Test statistic = $\frac{(96-26)^2}{96+26}\approx40$ This equates to a p-value** of approximately <0.0001

With a p-value this low, we reject $H_0$, bias *may* be present.

The McNemar test helps us understand the relationship between a protected (or proxy) feature and an outcome in a statistically valid manner. Where this test comes into its own is as a monitoring test where we run a test on a schedule based on every $x$ days or every $x$ number of transactions. Complexity gets introduced as we determine sampling needs, but this test serves as a more statistically valid version of disparate impact. However, it runs into the same problem of whether is discrimination warranted, which equalized odds addresses.

Another complication we often run into is data availability. For fear of bias, many companies do not include any protected features or proxies in their modeling. Worse yet, many do not have their data structured in a way to easily link transactions to this information, essentially leaving us to fly blind.

To combat this, there are a couple ‘hacks’ that the industry has come up with, such as BISG, but there are not nearly as effect as having protected class or proxy information present in the model (we recommend multi-objective modeling - see our previous post How does bias happen, technically?).

Monitaur also has the notion of ‘non-model features’ which, if you have the ability to reference and pull in other data that has a protected class or proxy feature, we can perform bias monitoring on this feature, which is fully isolated from the model.
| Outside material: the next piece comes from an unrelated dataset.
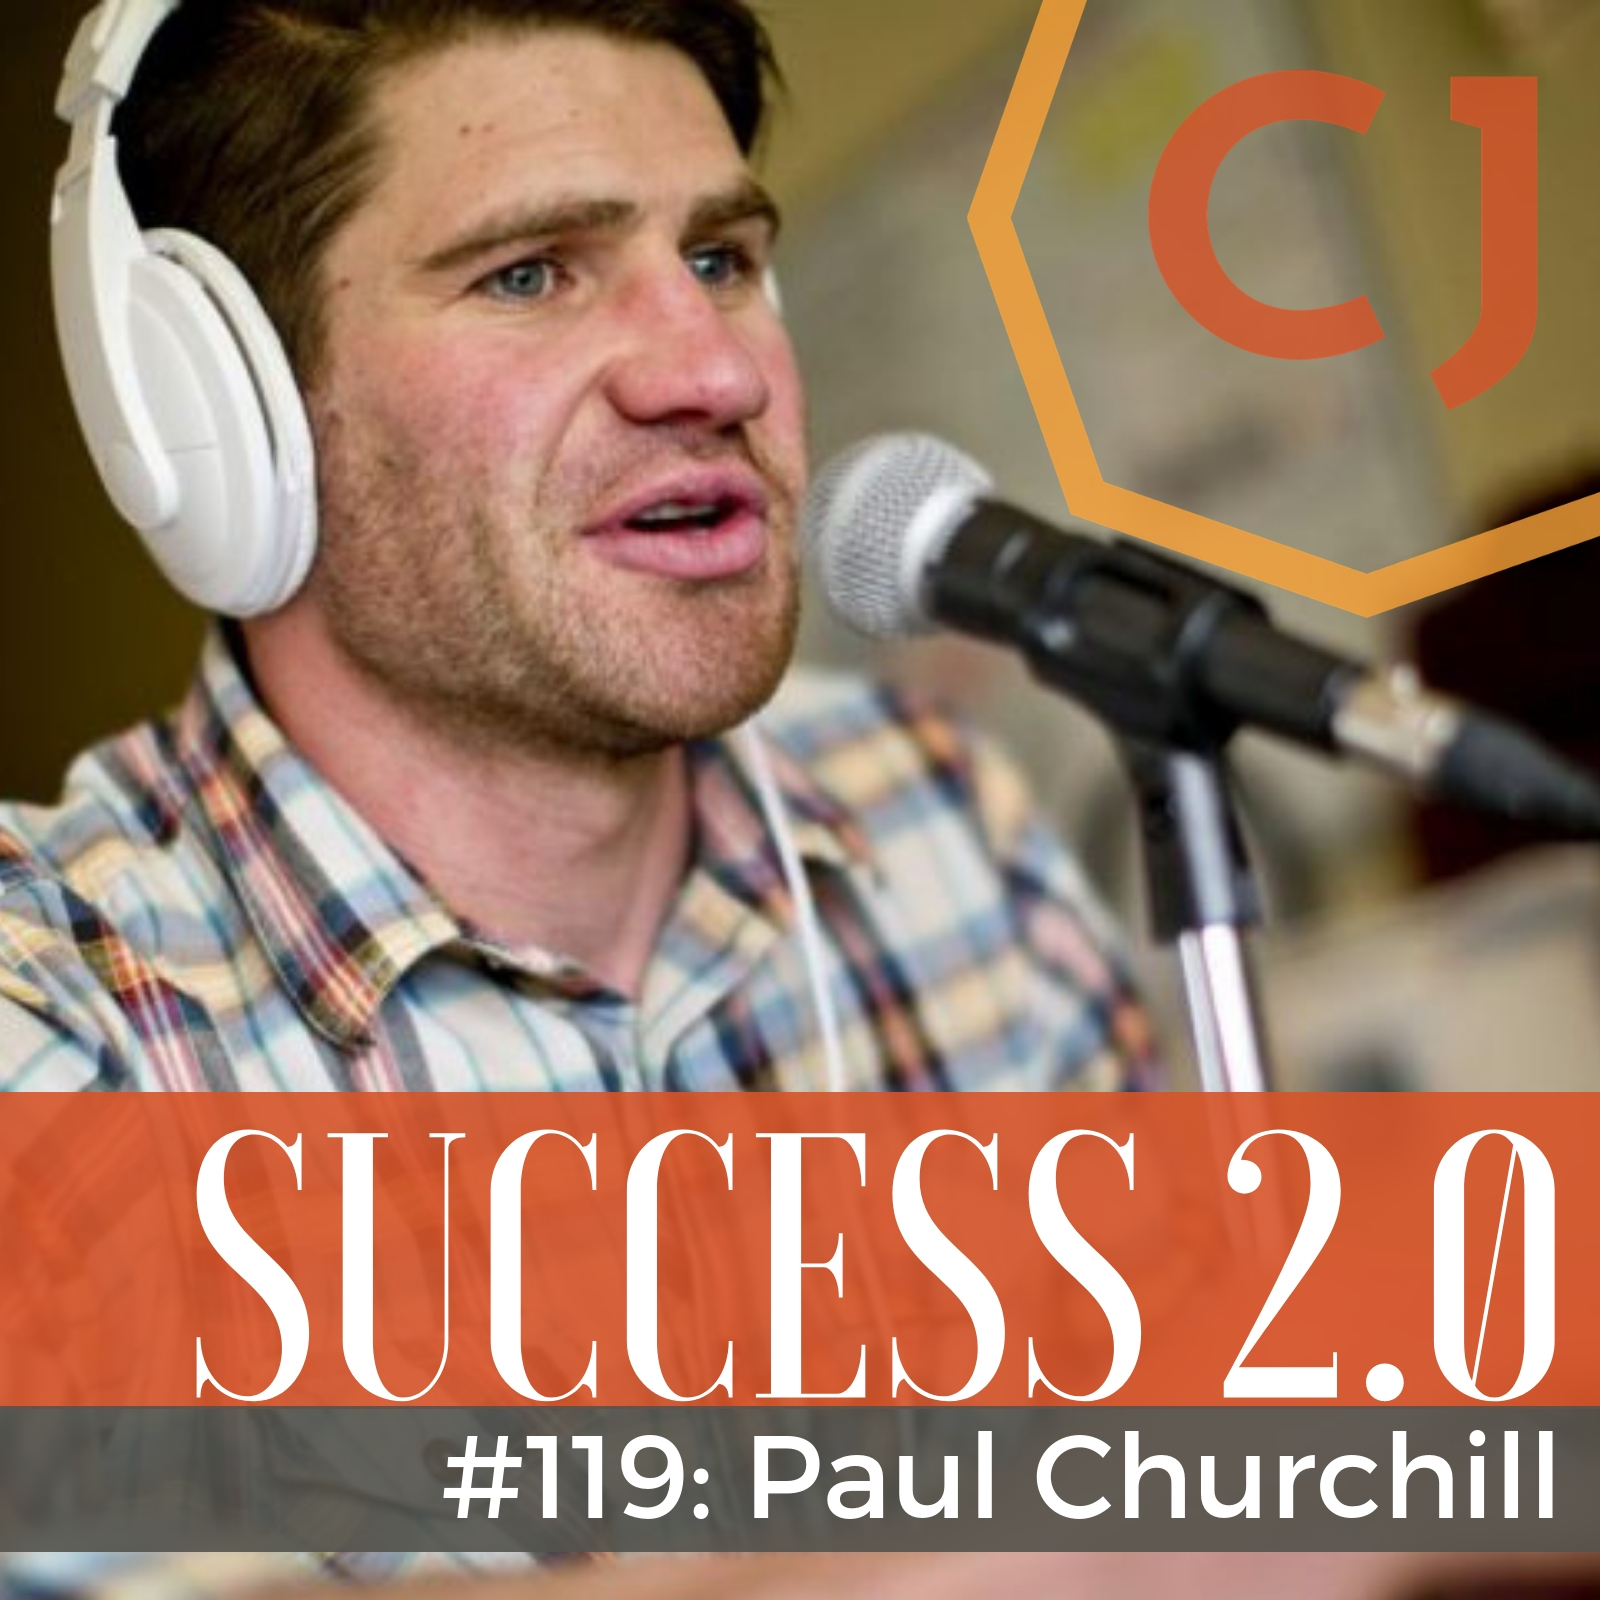 Success-2.0-119-Paul-Churchill-Recovery-Elevator-

For when there is absolutely nothing to go on, which occurs often in some industries, Monitaur created a last-ditch approach called Optimal Group Differencing (OGD). In OGD, we use a hyper-parameter optimized unsupervised algorithm technique to identify clusters of transactions that exhibit significantly different correlations in patterns that potentially exhibit bias. OGD will return groups of transactions that may exhibit bias, but without the protected attribute or ground truth outcome, it is still difficult to determine if bias exists in the identified transactions. It is a step in the right direction and gives us the capability for high-risk models to have an individual review a set of transactions that may exhibit bias.

As this post has illustrated the reoccurring theme of this series: “things are complex.” Hopefully this has been helpful to solidify the strengths and weaknesses of several prominent bias metrics. We did not touch on the probability theory behind bias metrics, i.e. independence, separation, and sufficiency, or my personal favorite methods of simulations and counterfactual methods for validating a model is not biased, but we can save these for subsequent posts.
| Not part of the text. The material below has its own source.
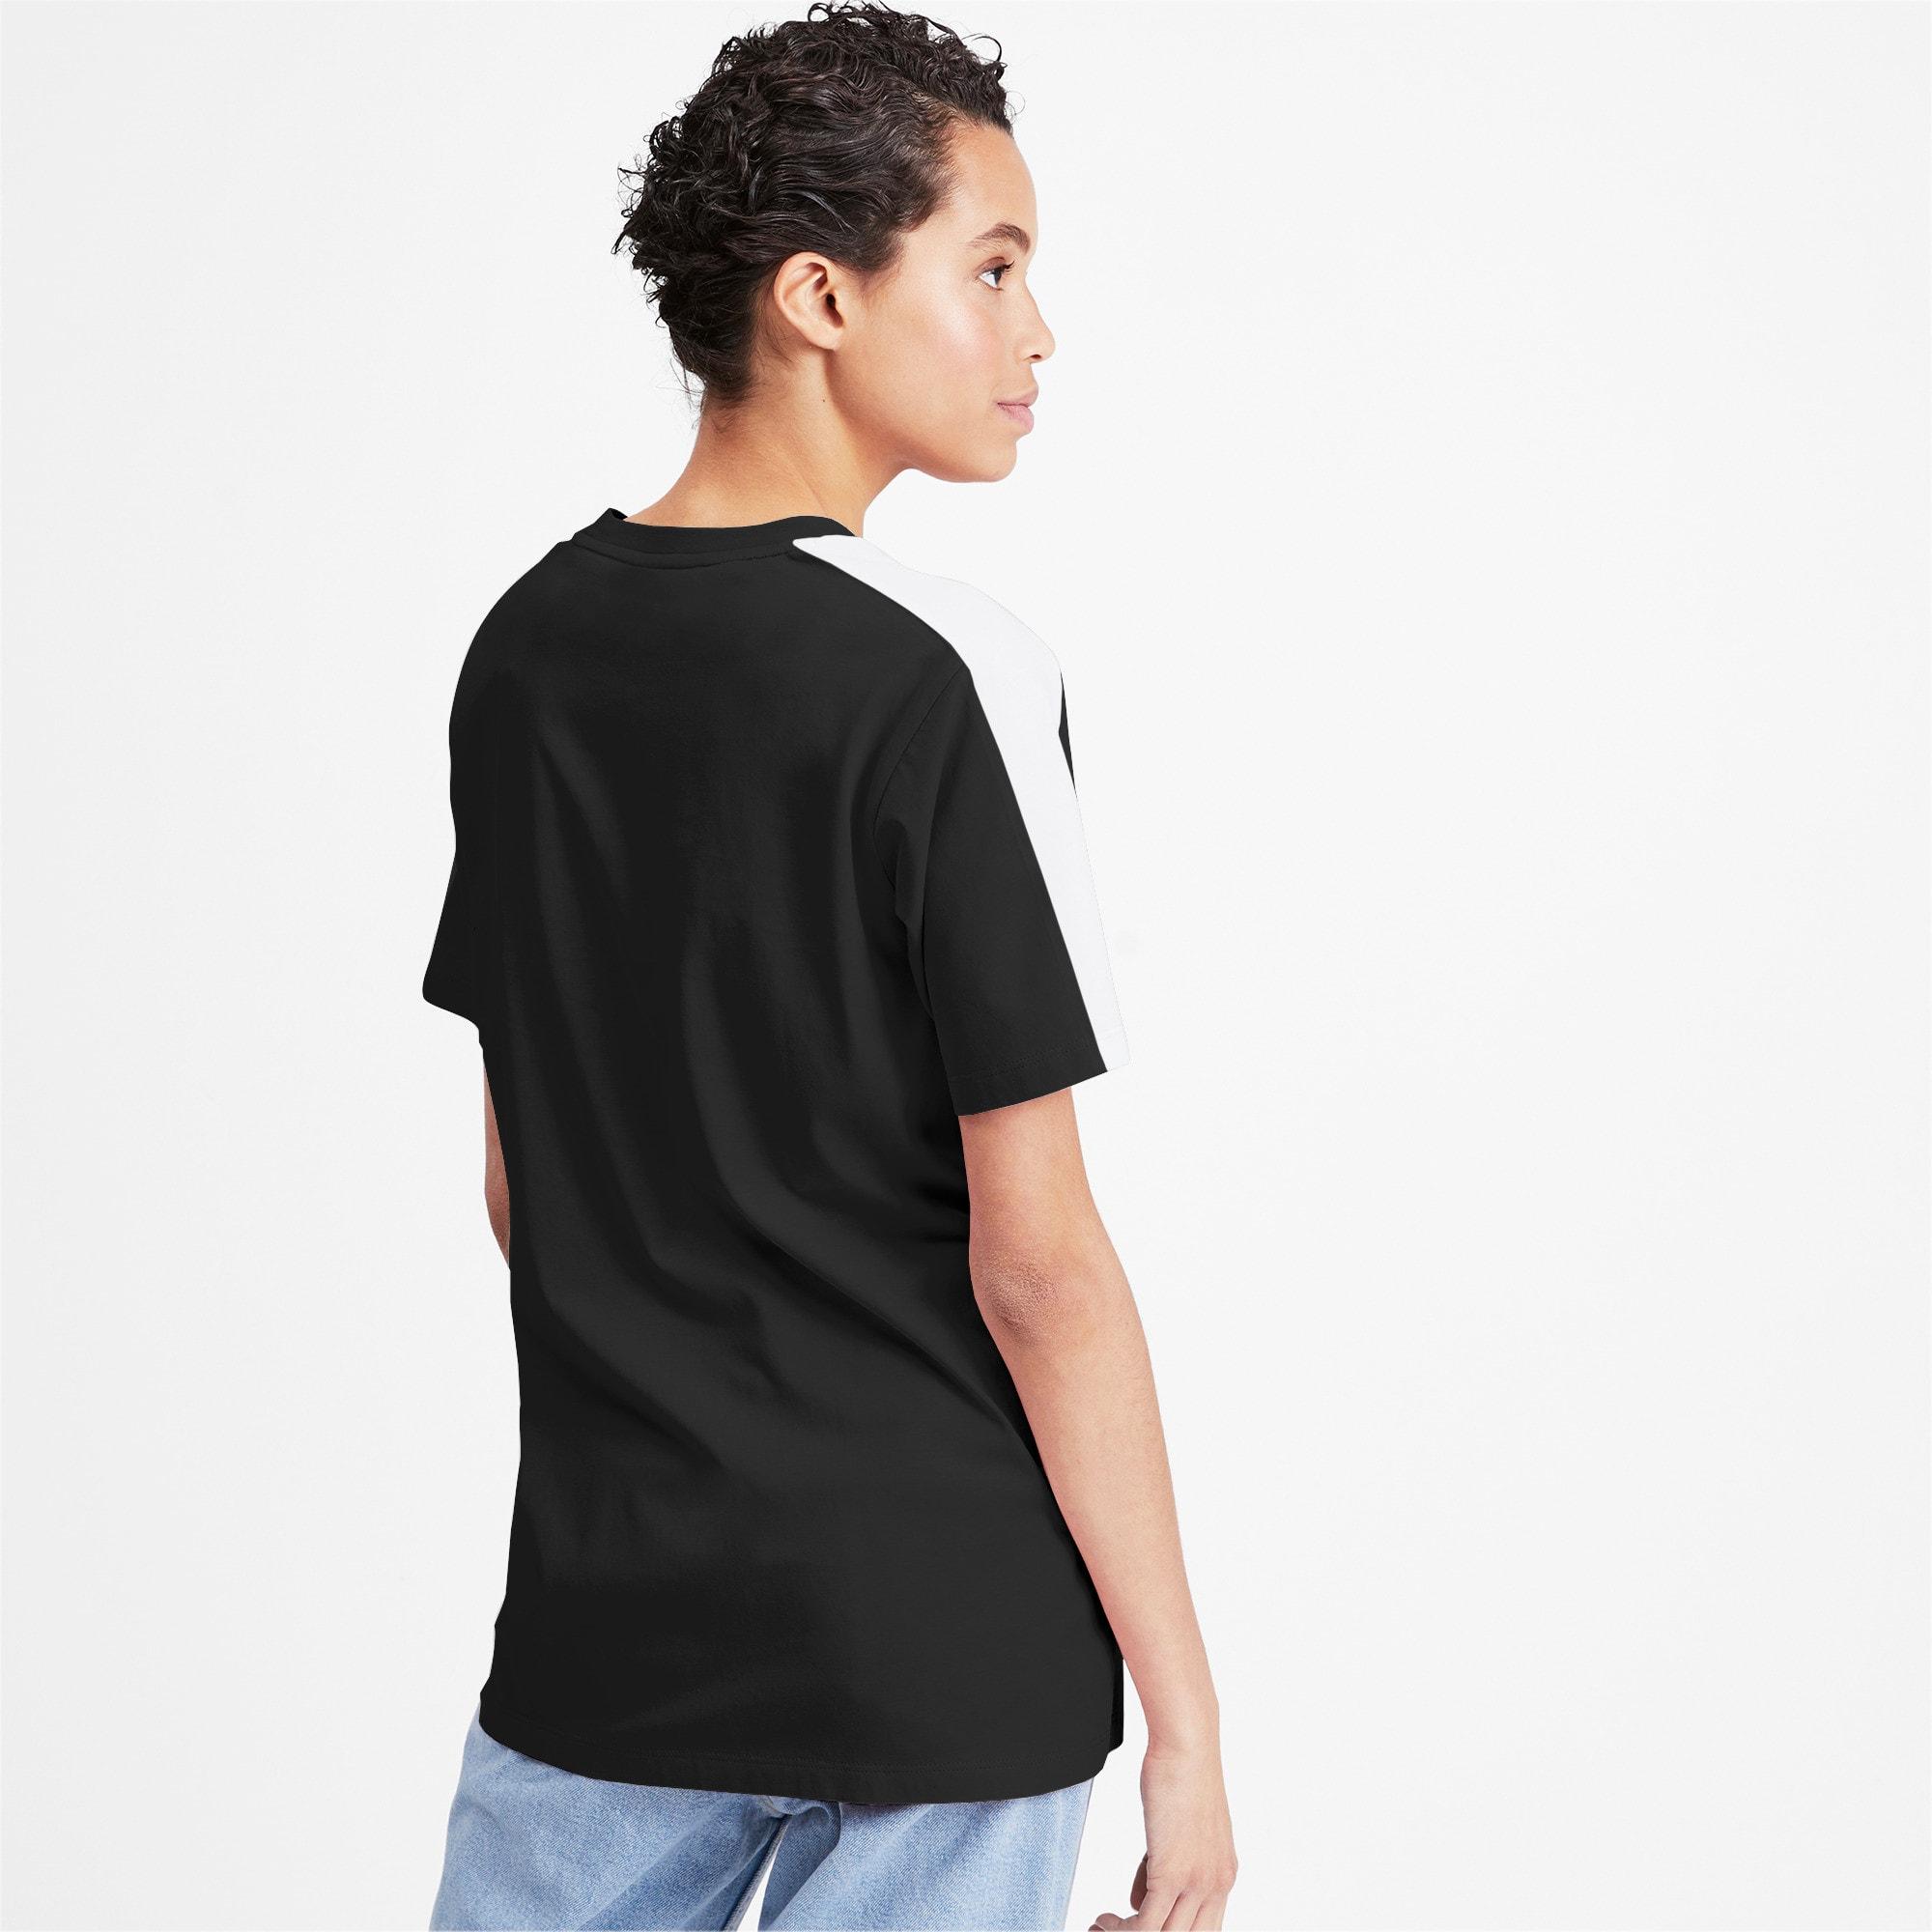 Miniatura 2 de Camiseta Classics T7 para mujer, Puma Black, mediano

Dr. Andrew Clark is Monitaur’s co-founder and Chief Technology Officer. A trusted domain expert on the topic of ML auditing and assurance, Andrew built and deployed ML auditing solutions at Capital One. He has contributed to ML auditing education and standards at organizations including ISACA and ICO in the UK. He currently serves as a key contributor to ISO AI Standards and the NIST AI Risk Management framework. Prior to Monitaur, he also served as an economist and modeling advisor for several very prominent crypto-economic projects while at Block Science.
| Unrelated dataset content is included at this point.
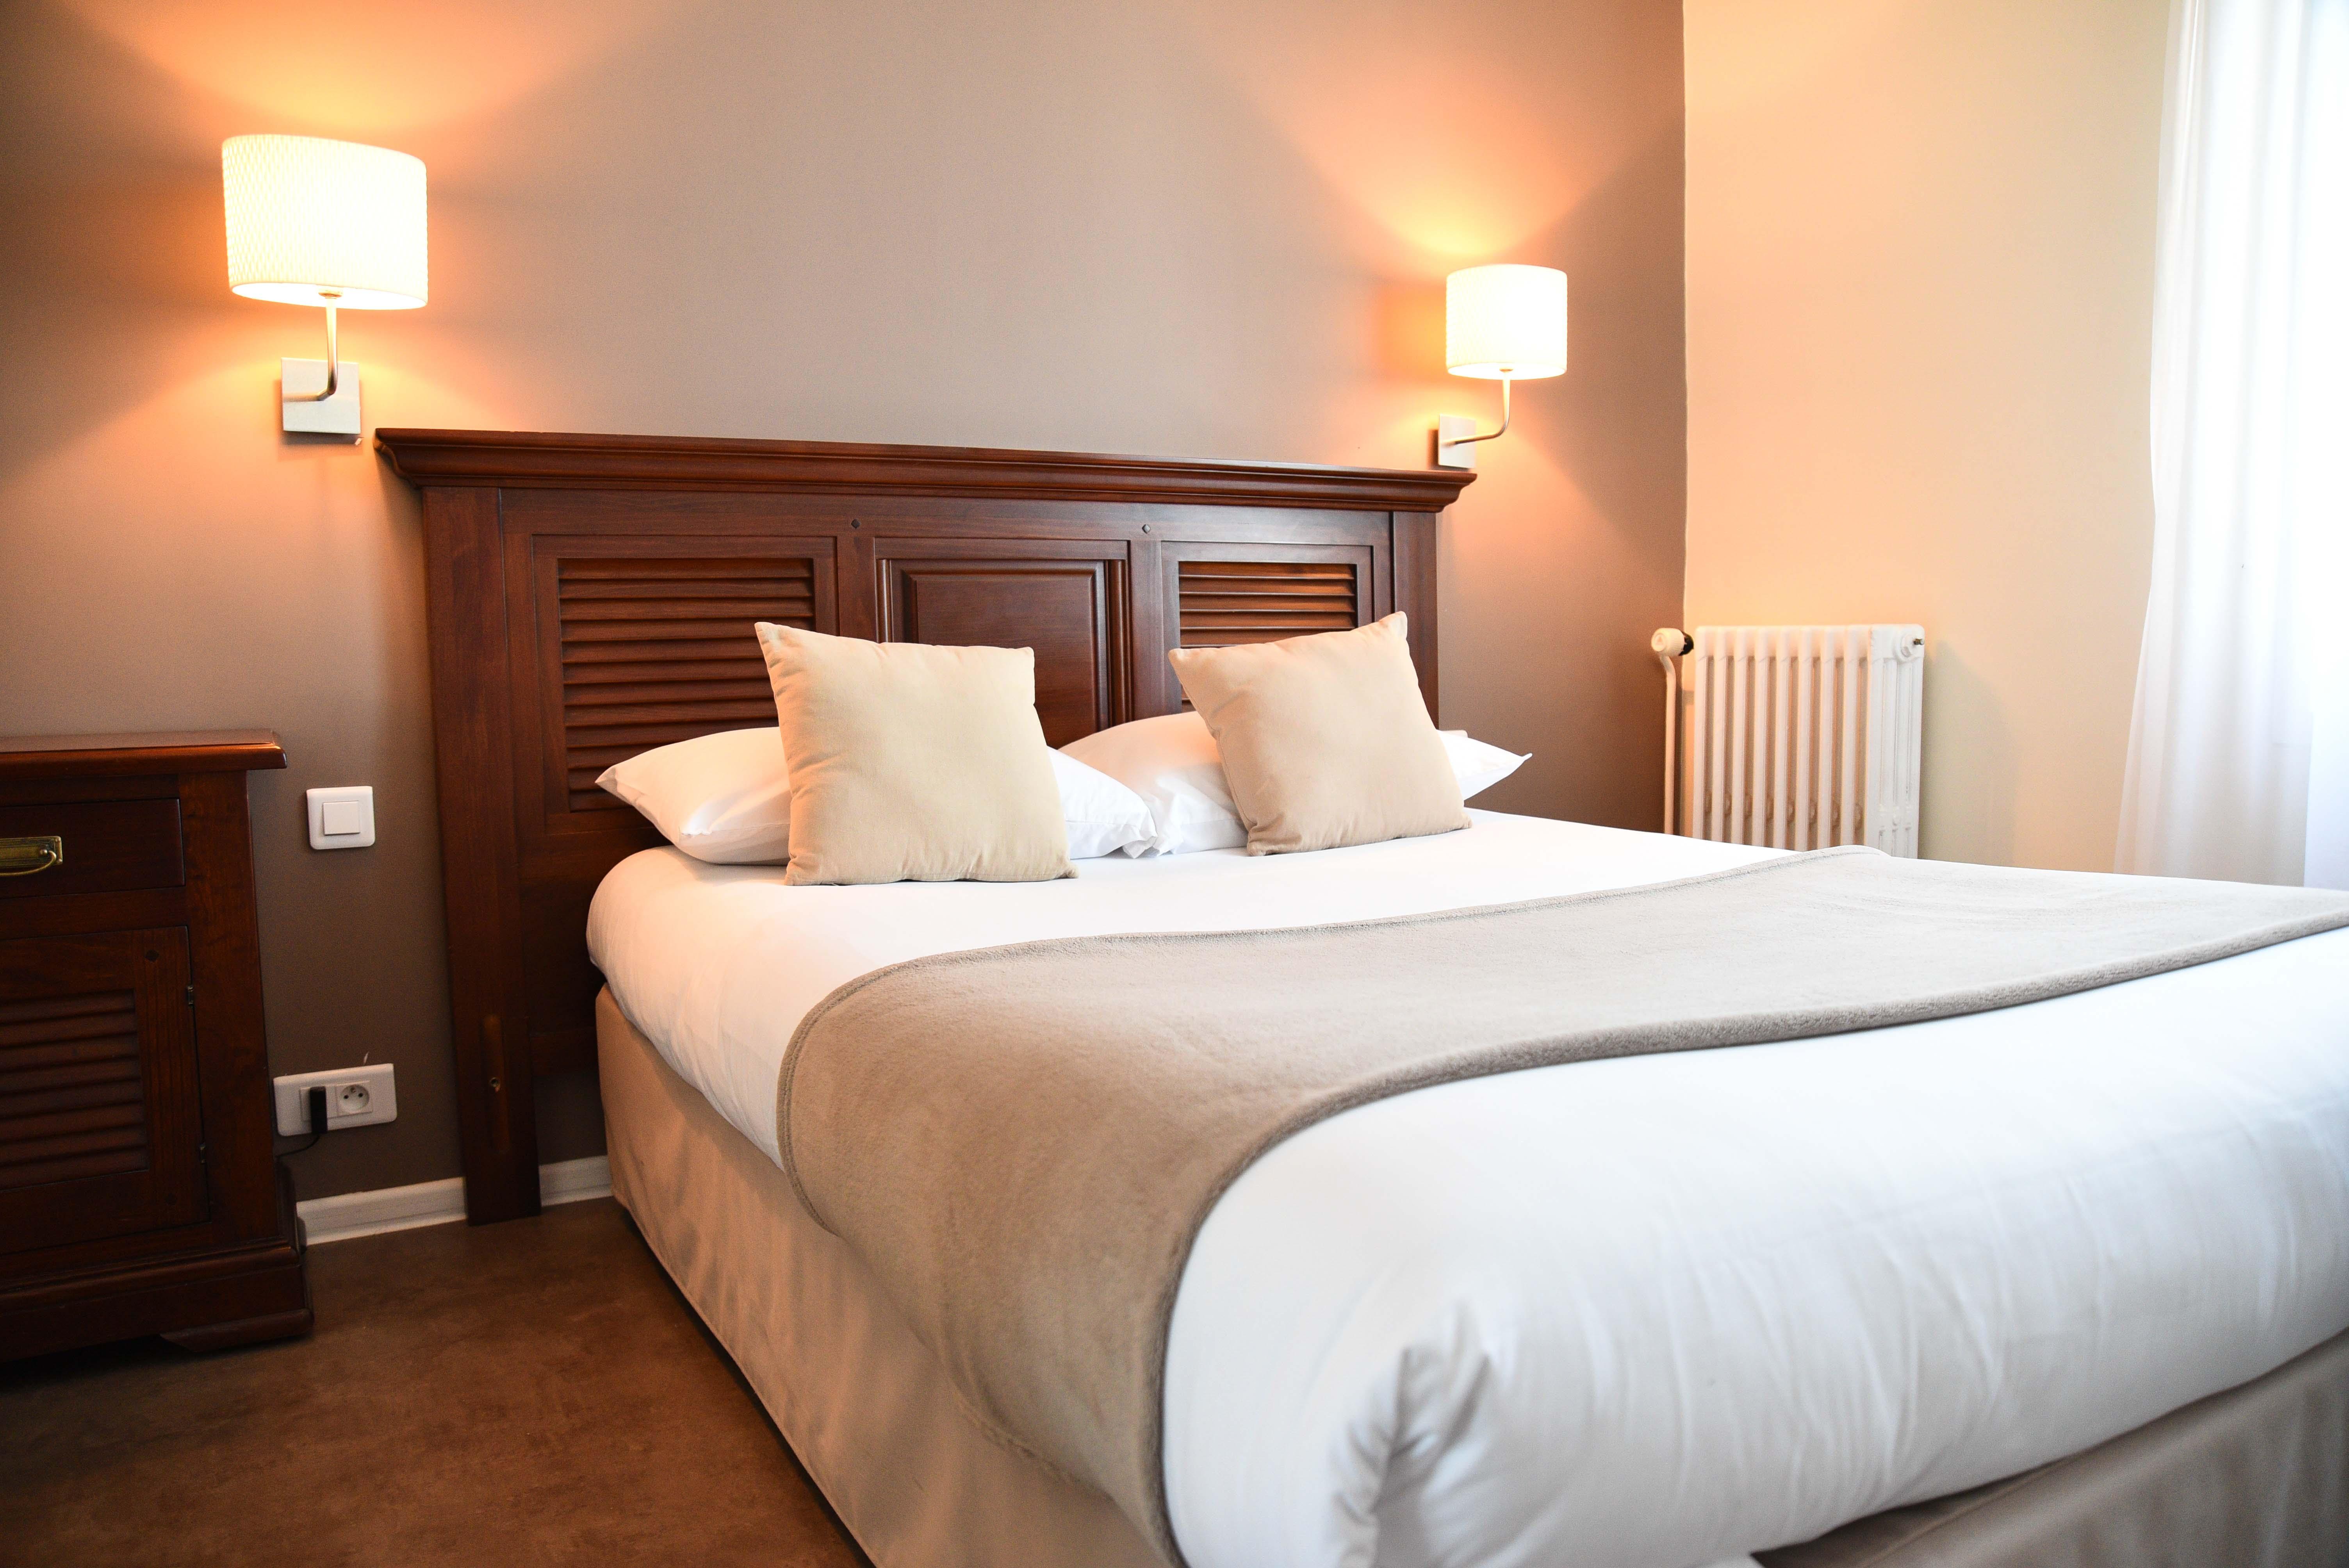 lit-chambre-hotel

Andrew received a B.S. in Business Administration with a concentration in Accounting, Summa Cum Laude, from the University of Tennessee at Chattanooga, an M.S. in Data Science from Southern Methodist University, and a Ph.D. in Economics from the University of Reading. He also holds the Certified Analytics Professional and American Statistical Association Graduate Statistician certifications. Andrew is a professionally trained concert trumpeter and Team USA triathlete.

Footnotes

- There are additional considerations, such as independent vs dependent sampling, statistical assumptions, etc. that are behind the scope of this already lengthy blog post, but can be the focus of another blog post if desired.
- *overly simplified for the sake of example
- **P-values is another topic. We can dive into this in the future as well

[2]Hardt, Moritz, Eric Price and Nathan Srebro. “Equality of Opportunity in Supervised Learning.” *ArXiv* abs/1610.02413 (2016): n. pag.